▶ _WHAT YOU NEED TO DO_
Every line of the data below must be output exactly, with images left out.

▶ _STORED DATA_
# # # #

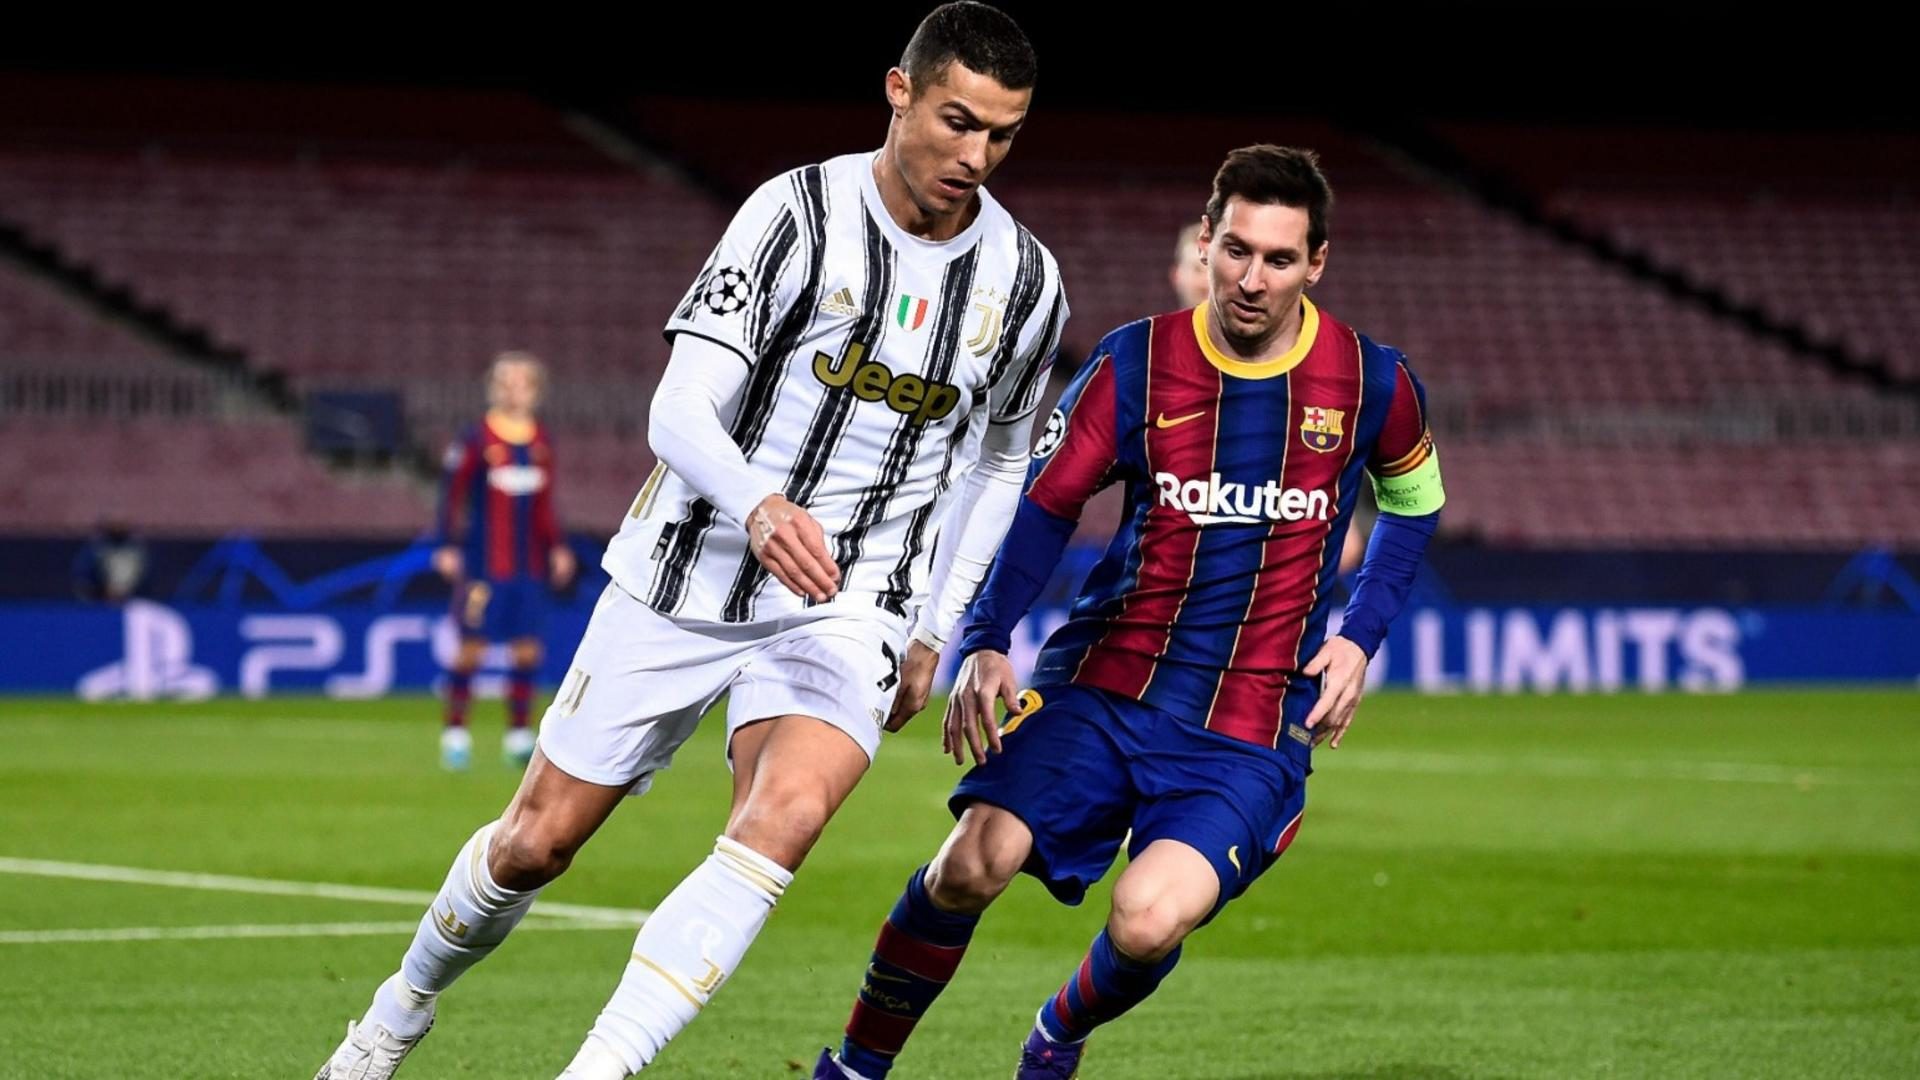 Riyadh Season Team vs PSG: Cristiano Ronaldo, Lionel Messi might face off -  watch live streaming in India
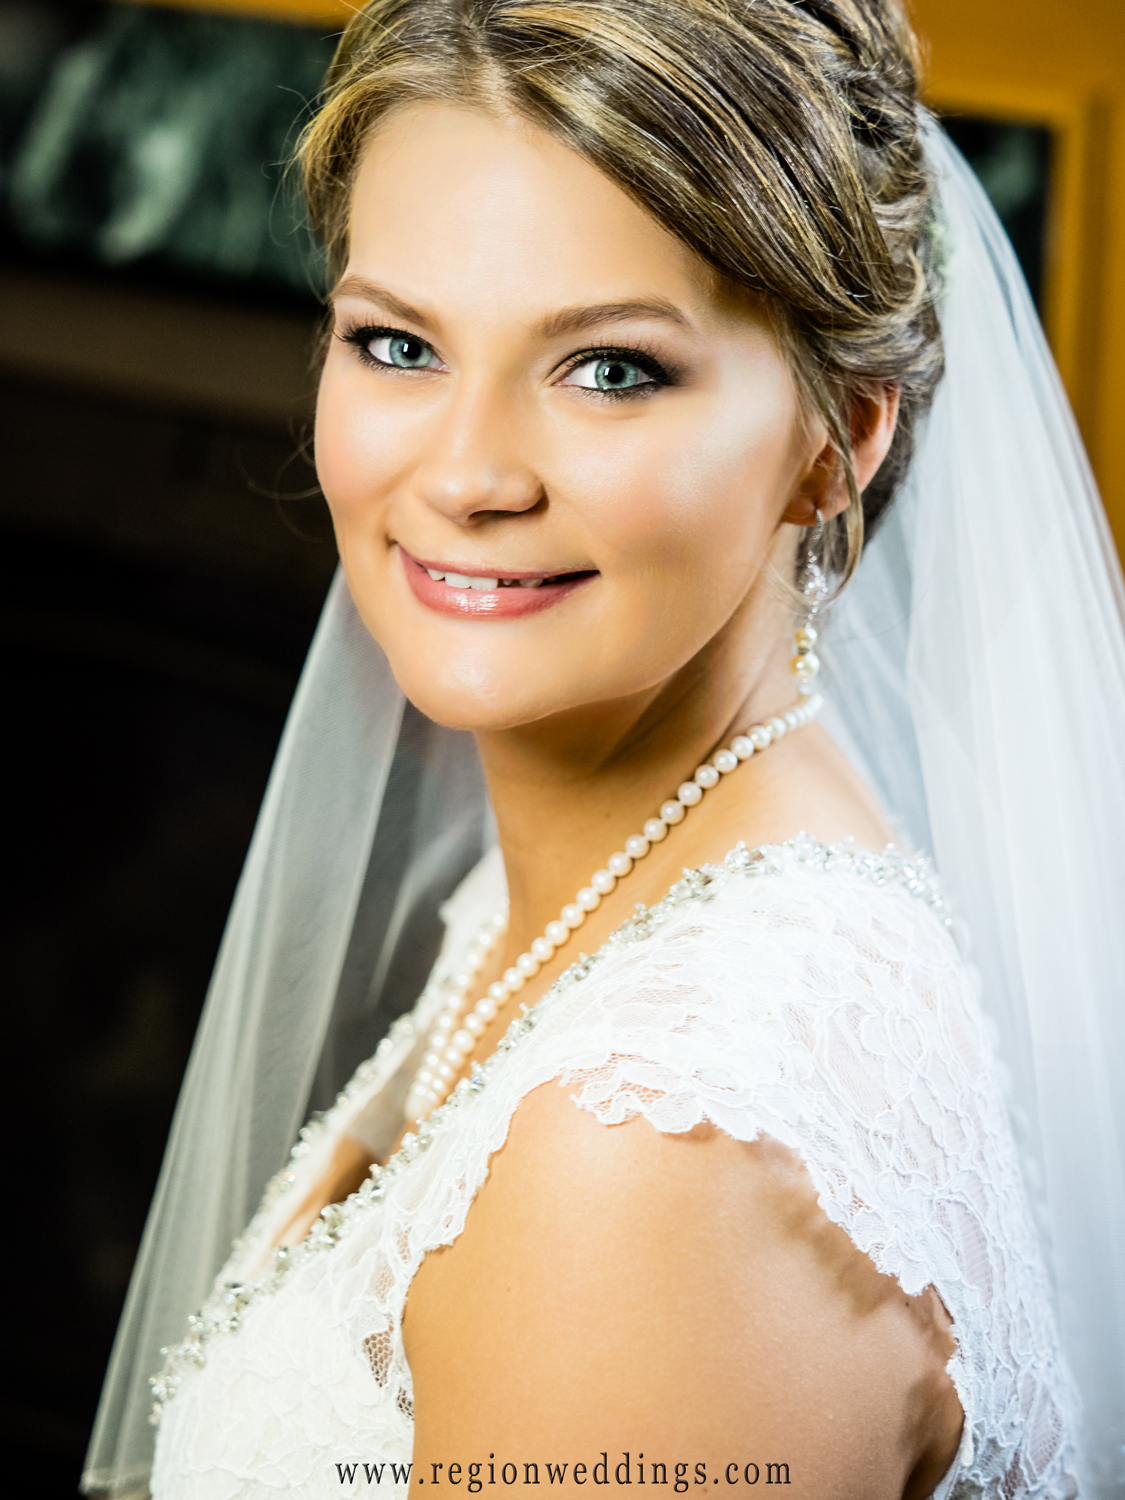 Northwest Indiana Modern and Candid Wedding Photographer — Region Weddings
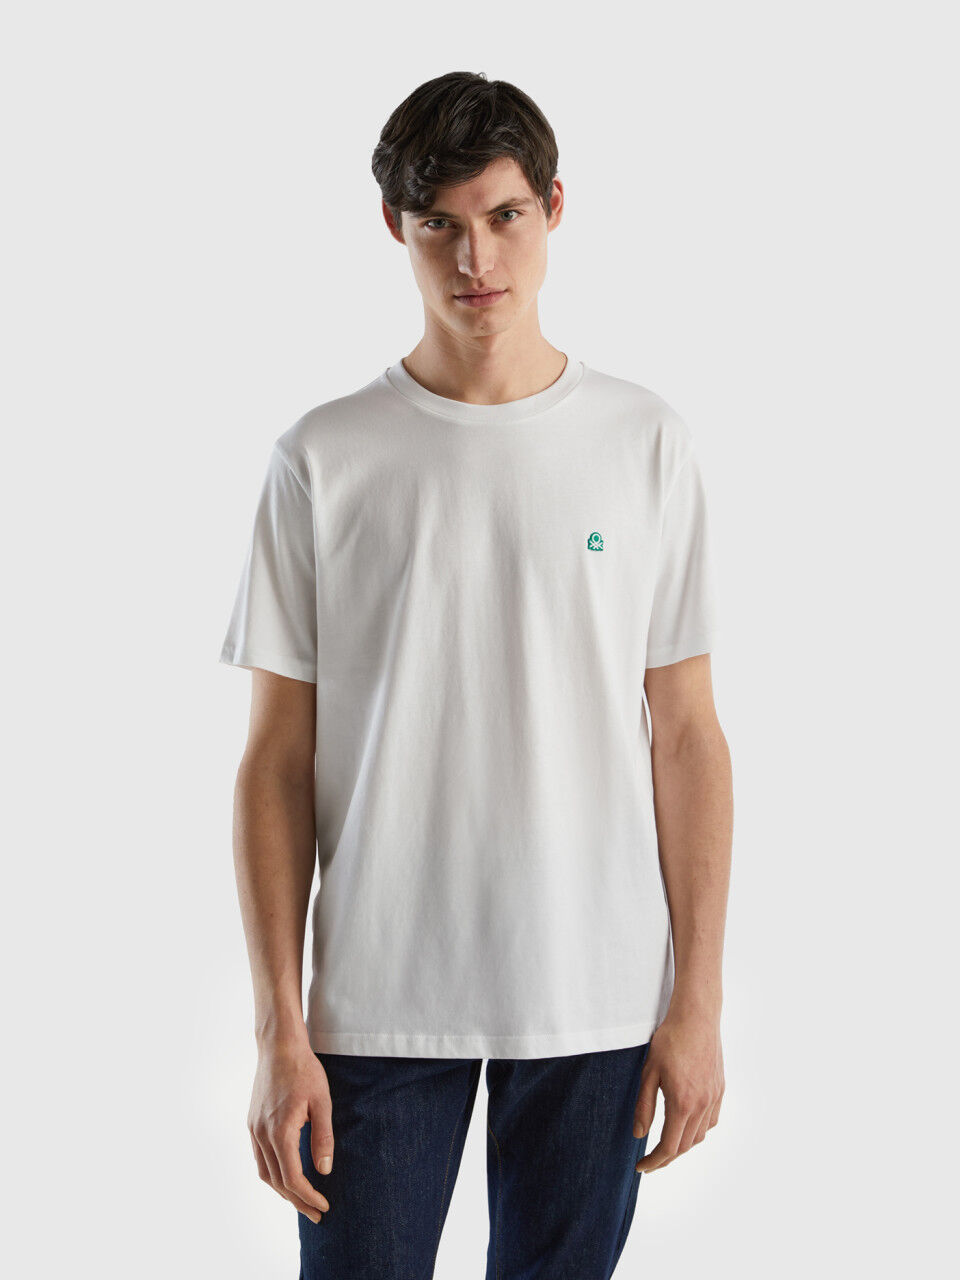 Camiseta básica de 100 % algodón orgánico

# # # #

▶ _YOUR RESPONSE_
 Riyadh Season Team vs PSG: Cristiano Ronaldo, Lionel Messi might face off -  watch live streaming in India
 Northwest Indiana Modern and Candid Wedding Photographer — Region Weddings
 Camiseta básica de 100 % algodón orgánico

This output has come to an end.